We agree with the Board's conclusion that claimant's personal errand was not so unrelated to her travels as to be excluded from the broad scope of coverage for traveling employees. See Slaughter, 60 Or.App. at 616, 654 P.2d 1123 (holding that not all activities are covered under the general rule of continuous coverage). The Board's uncontested findings establish that claimant traveled to Redmond at the direction of employer to perform a work assignment. The use of her personal car to travel between her job assignments and her home was approved of *1264 and contemplated by employer. Her errand at the Redmond bank was necessitated by travel because she reasonably believed that the Bend branch, to which she would normally go, would have closed before she could get there.

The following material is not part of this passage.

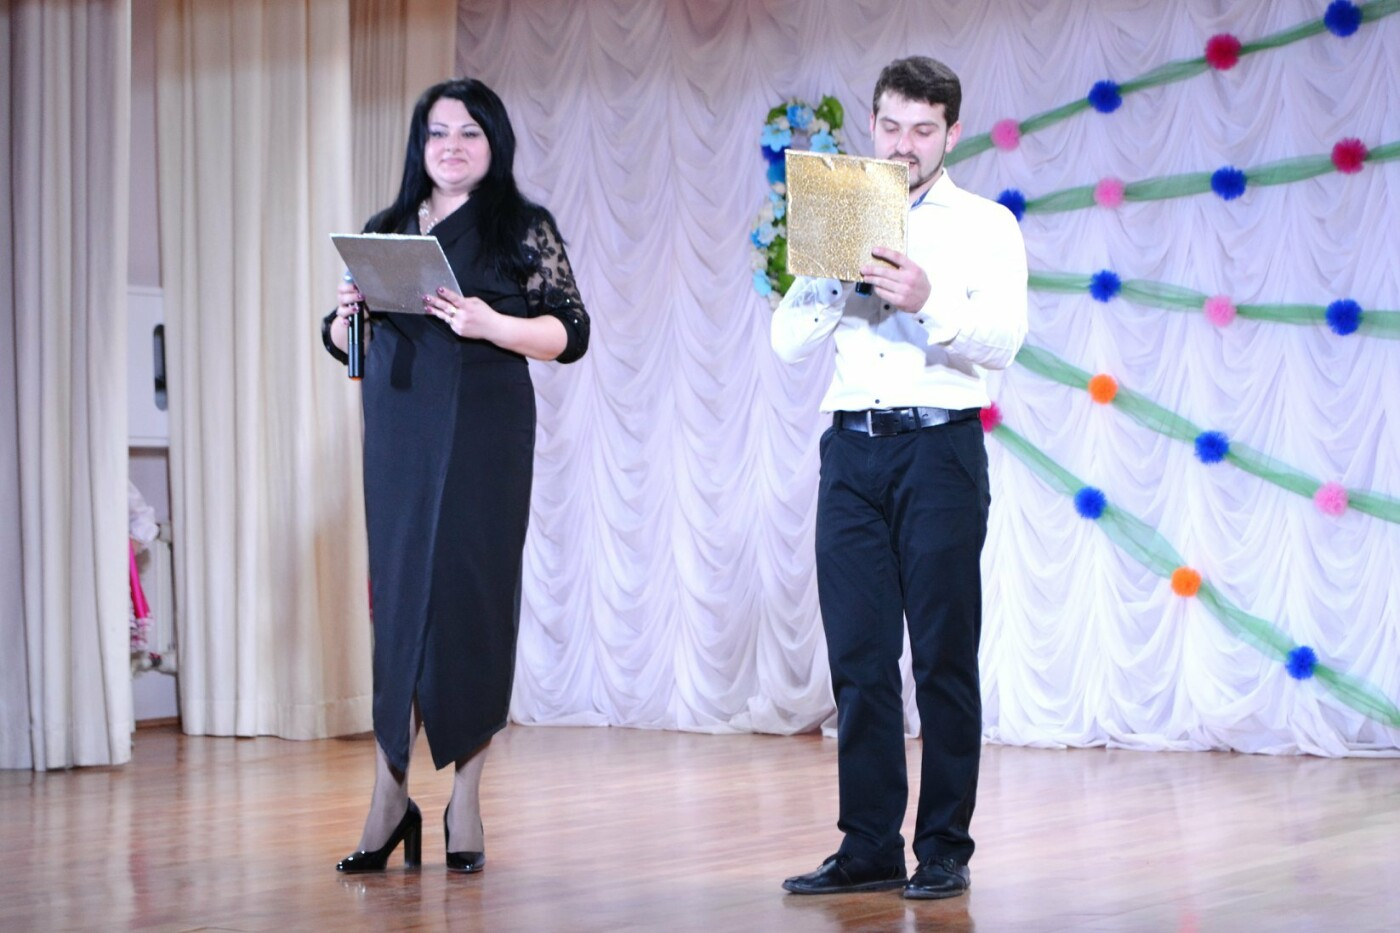 В селе Малодолинское поздравили женщин с 8 Марта, фото-9

In addition, and despite employer's contention to the contrary, substantial evidence supports the Board's finding that claimant's trip to the bank was not in violation of employer's directives. Cf. Hackney v. Tillamook Growers, 39 Or.App. 655, 658-59, 593 P.2d 1195 (1979) (the claimant's disregard of the employer's direction made the personal errand "distinct"). Although claimant's personal errand was a "departure" from her business, that departure was minimal in terms of both time and space. Such a departure is so transitory and slight as to be disregarded as insubstantial. Cf. Larson, 1 Workmen's Compensation Law § 19.00.[1]
We conclude that the Board did not err in holding that, under these facts, claimant's trip to the bank was not a distinct departure. The Board did not err in setting aside employer's denial of compensability.[2]
Affirmed.
NOTES
[1] Our inquiry into whether a traveling employee has made a "distinct departure" for a personal errand is analogous to the analysis of whether an employee who is off work premises makes an identifiable deviation from the business trip or errand for personal reasons. See, e.g., Underwood v. Pendleton Grain Growers, 112 Or.App. 170, 827 P.2d 948 (1992) (claimant was asked to fulfill business obligations on his way home from work, but four hour deviation to drink beer and play pool removed him from the course of employment). In a discussion of deviations that take an employee out of the course of employment, Larson has observed that some deviations for personal reasons are so minor as to be insignificant:
"[T]he courts now generally recognize that human beings do not run on tracks like trolley cars, and therefore uphold awards in situations like the following: getting cigarettes during a trip to or from work in the employer's conveyance; running across the street in the course of a delivery trip to buy a little food; driving one's daughter to school, dropping one's wife off at church, leaving a message with one's sister about working late, picking up mail for vacationing friends, crossing the street during a beer break to retrieve one's lunch, stopping at one's home to get a raincoat and leave some meat; crossing the road during a delivery trip to have a glass of beer at 2:00 in the afternoon; or to get a newspaper; making a personal phone call; looking for a ring; picking up two young ladies and taking them home while driving a car to test its brakes; buying a toy during spare time to take home to a child; and even picking cherries from a customer's cherry tree." Larson, 1 Workmen's Compensation Law § 19.63 at 4-434 (footnotes omitted).
[2] Because we conclude that claimant's personal errand to the bank was not a distinct departure, we need not address employer's second assignment of error regarding the Board's findings as to when the departure was completed.